The relationships of the lyrebirds

C.G. Sibley

Emu 74(2) 65 - 79
Published: 1974

Abstract

From the time of the discovery of Menura superba in 1798 until about 1853 the lyrebirds were usually thought to be allied either to the galliforms or to the birds-of-paradise. For the past century the two species bare been placed in the Passeriformes but segregated as the family Menuridae in the suborder Menurae, one of the four passerine suborders usually recognized. The only other birds assigned to the Menurae are the scrub-birds Atrichornis, also placed in their own family, Atrichornithidae. The suborder Menurae has been based primarily upon differences in syringeal structure in comparison with the typical oscines (Passeres). New evidence from studies of the egg white proteins indicated that Menura is actually related to the cluster of Australo-Papuan endemics that includes birds-of-paradise and bowerbirds.
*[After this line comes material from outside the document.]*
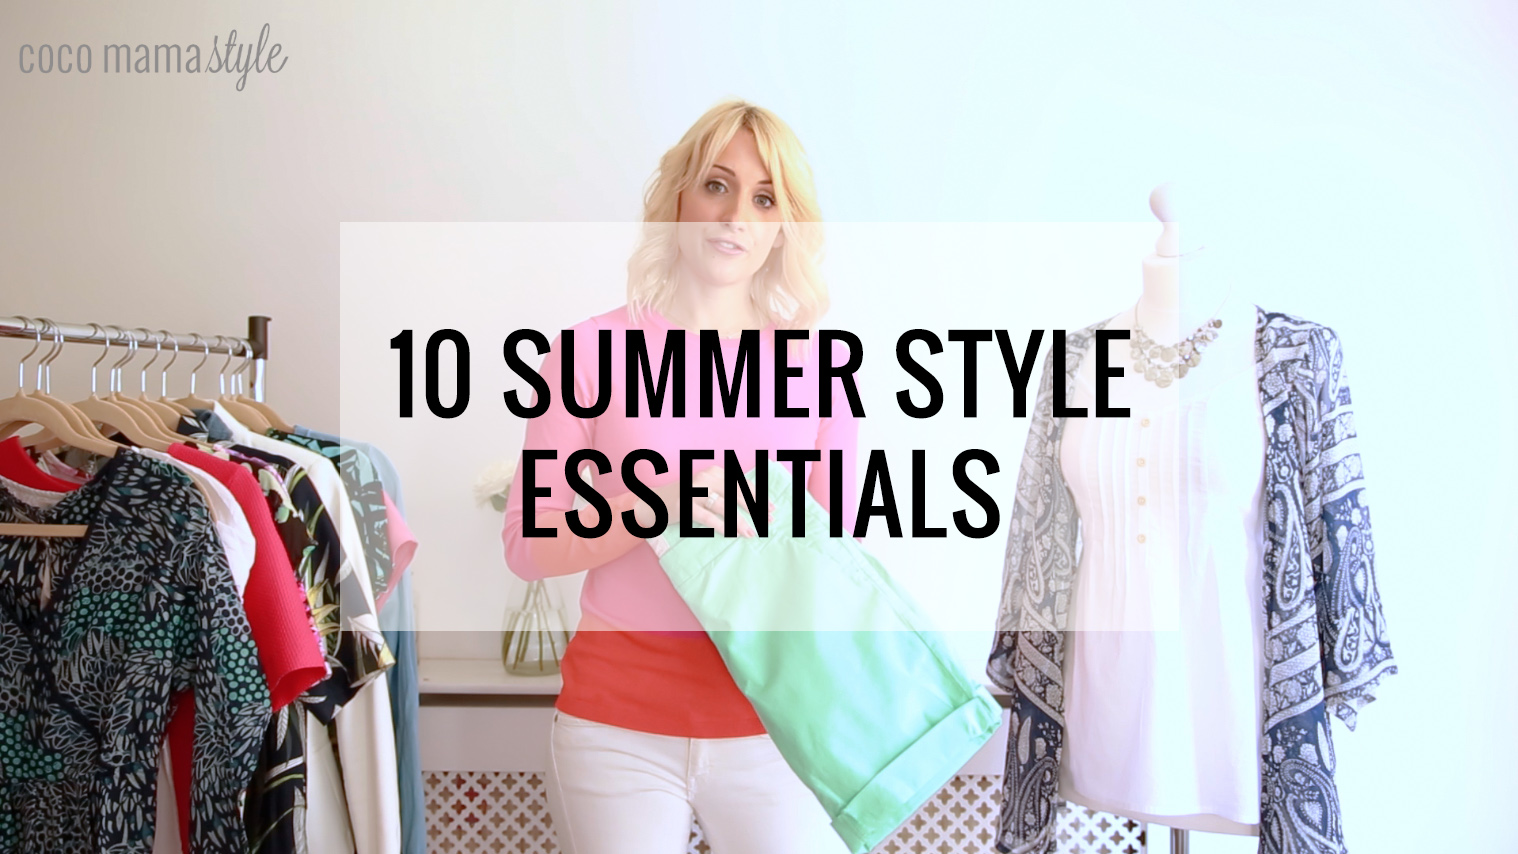 VIDEO 10 sumer style essentials with MANDMDIRECT cocomamastyle VIDEO

This discovery prompted a. re-evaluation of the anatomies/characters long used as the basis for the subordinal separation of the Menurae. The syringes of the Menurae and Passeres were found to differ in degree only and the syrinx of Atrichornis is intermediate between that of Menura and those of the typical oscines. Several other anatomical and behavioural characters support an alliance between the Menurae and the bowerbird-bird-of-paradise assemblage.

It was concluded that the suborder Menurae should be dropped from the classification and that the families Menuridae and Atrichornithidae should be placed near the Ptilonorhynchidae and Paradisaeidae.